If we were to assess the performance of our ANN purely on the cross entropy loss - it would seem that the network with 10 neurons in the hidden layer outperforms the one with 3. However we always need to test the ANN on data it hasn't seen before - cross validation is usually employed to do so.

Well there it is, if you've followed the posts from pt.1 of this series knowing the bare minimum about ANNs only armed with a pen, paper and a desire to learn, then you should be able to implement your own feedforward ANN from scratch! It was a laborious task (all the matrix algebra, etc) but I hope it provided insight into the construction and architecture of ANNs.

### Useful functions

# Predict y_hat from input X or calculate loss
def predict(model, X, y, calc_loss = False):
W1, b1, W2, b2 = model['W1'], model['b1'], model['W2'], model['b2']
# Forward propagation
Z1 = X.dot(W1) + b1
a1 = np.tanh(Z1)
Z2 = a1.dot(W2) + b2
probs = softmax(Z2)
if calc_loss:
loss = -np.log(probs[range(len(X)), y])
tot_loss = np.sum(loss)
return 1./len(X) * tot_loss
return np.argmax(probs, axis=1)
#Compute softmax values for each sets of scores in x.
def softmax(x):
return np.exp(x) / np.sum(np.exp(x), axis=1, keepdims = True)
Given a model, the predict function returns a classification (0 or 1) for our input data X or the cross entropy loss. This is used to keep track of the loss at each iteration of the weight updates. Note that this is just for illustrative purposes, since it is an expensive calculation in reality, it isn't wise to call it every iteration - maybe every 100, or 1000 or so.

Softmax is used to calculate the softmax of the entries of a vector - used to calculate our $\hat{y}$.

### Next steps

Currently I'm working my way through the CS229 Machine Learning course by Andrew Ng which takes up the majority of my spare time. It's a fantastic course which has accompanying lectures available on youtube and is a great introduction to ML techniques.
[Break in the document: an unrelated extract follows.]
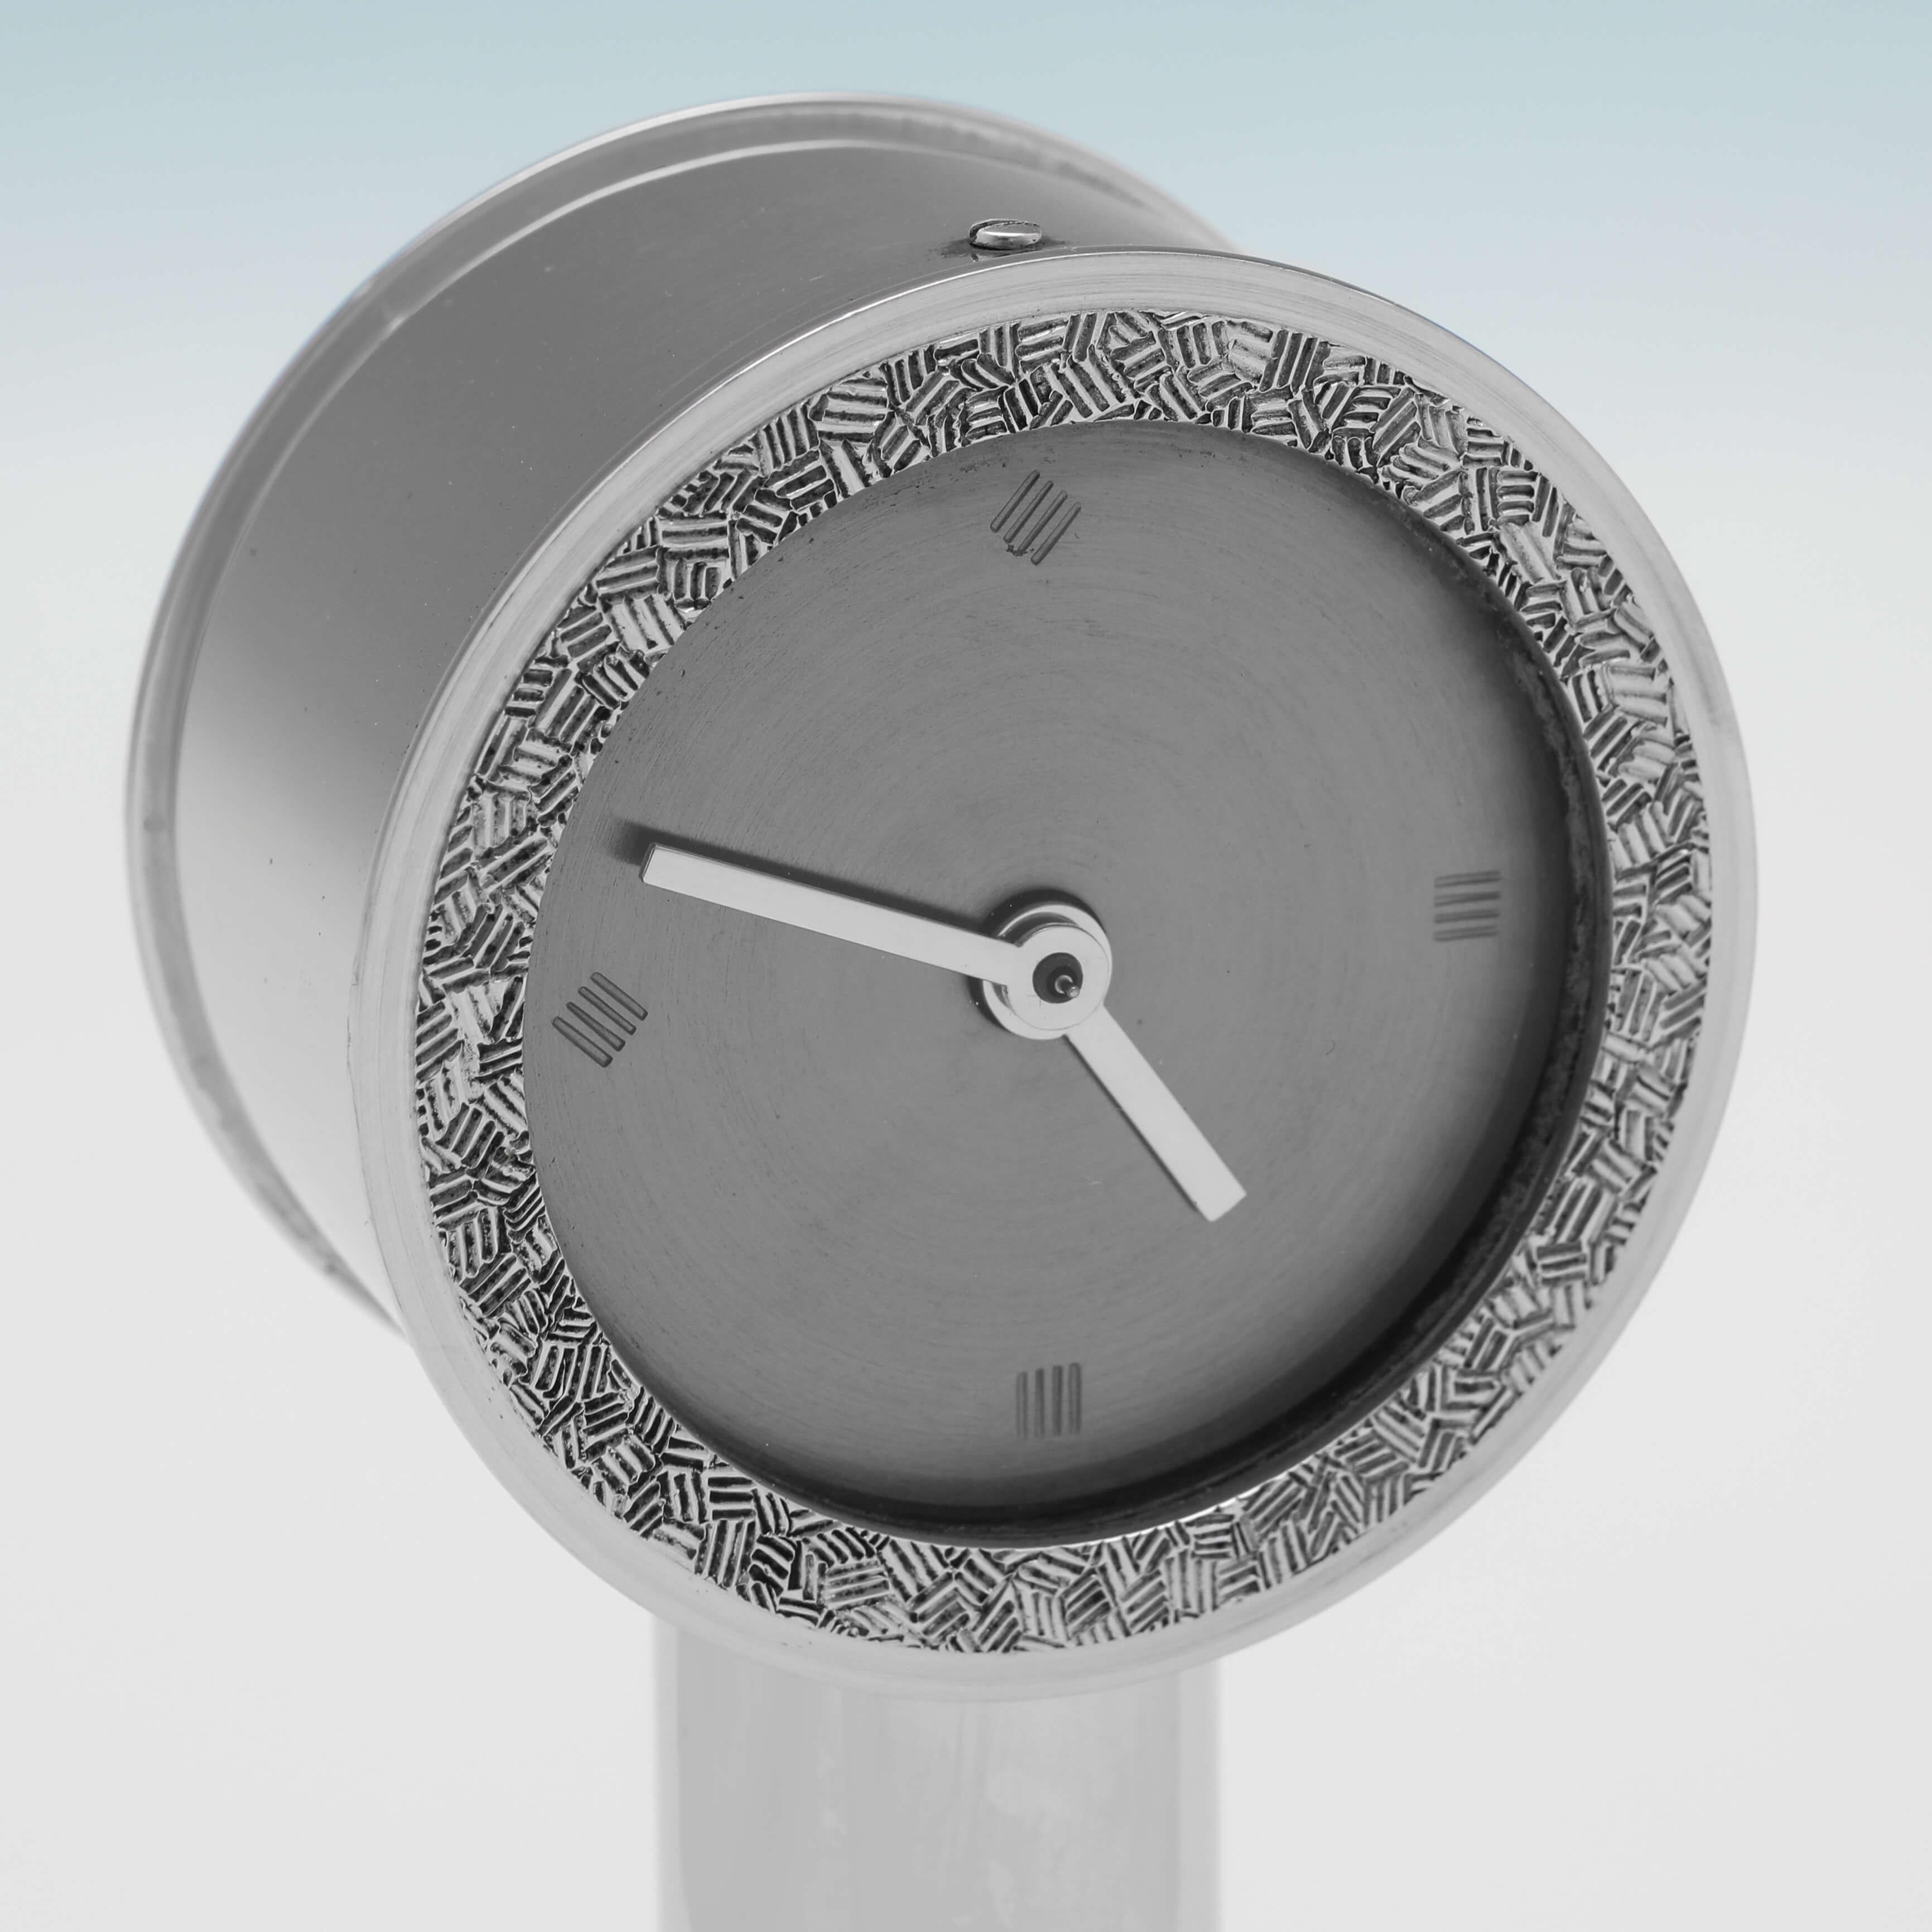 Modernistische Uhr aus Sterlingsilber der Moderne – Simon Benney – London 2006 (Skandinavische Moderne) im Angebot

However, in the future I am to continue with this implementation but tweak it to explore the following
• Why the weights were initialised in such a peculiar way (why not just set them all to 0?)
• Extending to more than 1 hidden layer
• How to prevent overfitting
• Regularisation (I mentioned it above, but did not explain what/how/why)
• Drop out techniques
• Stochastic gradient descent
• A variant of our batch gradient descent which is industry practise when training an ANN (due to massive datasets)
• Different applications - when I get around to it, I'll implement an ANN for the classic MNIST handwritten digit recognition problem.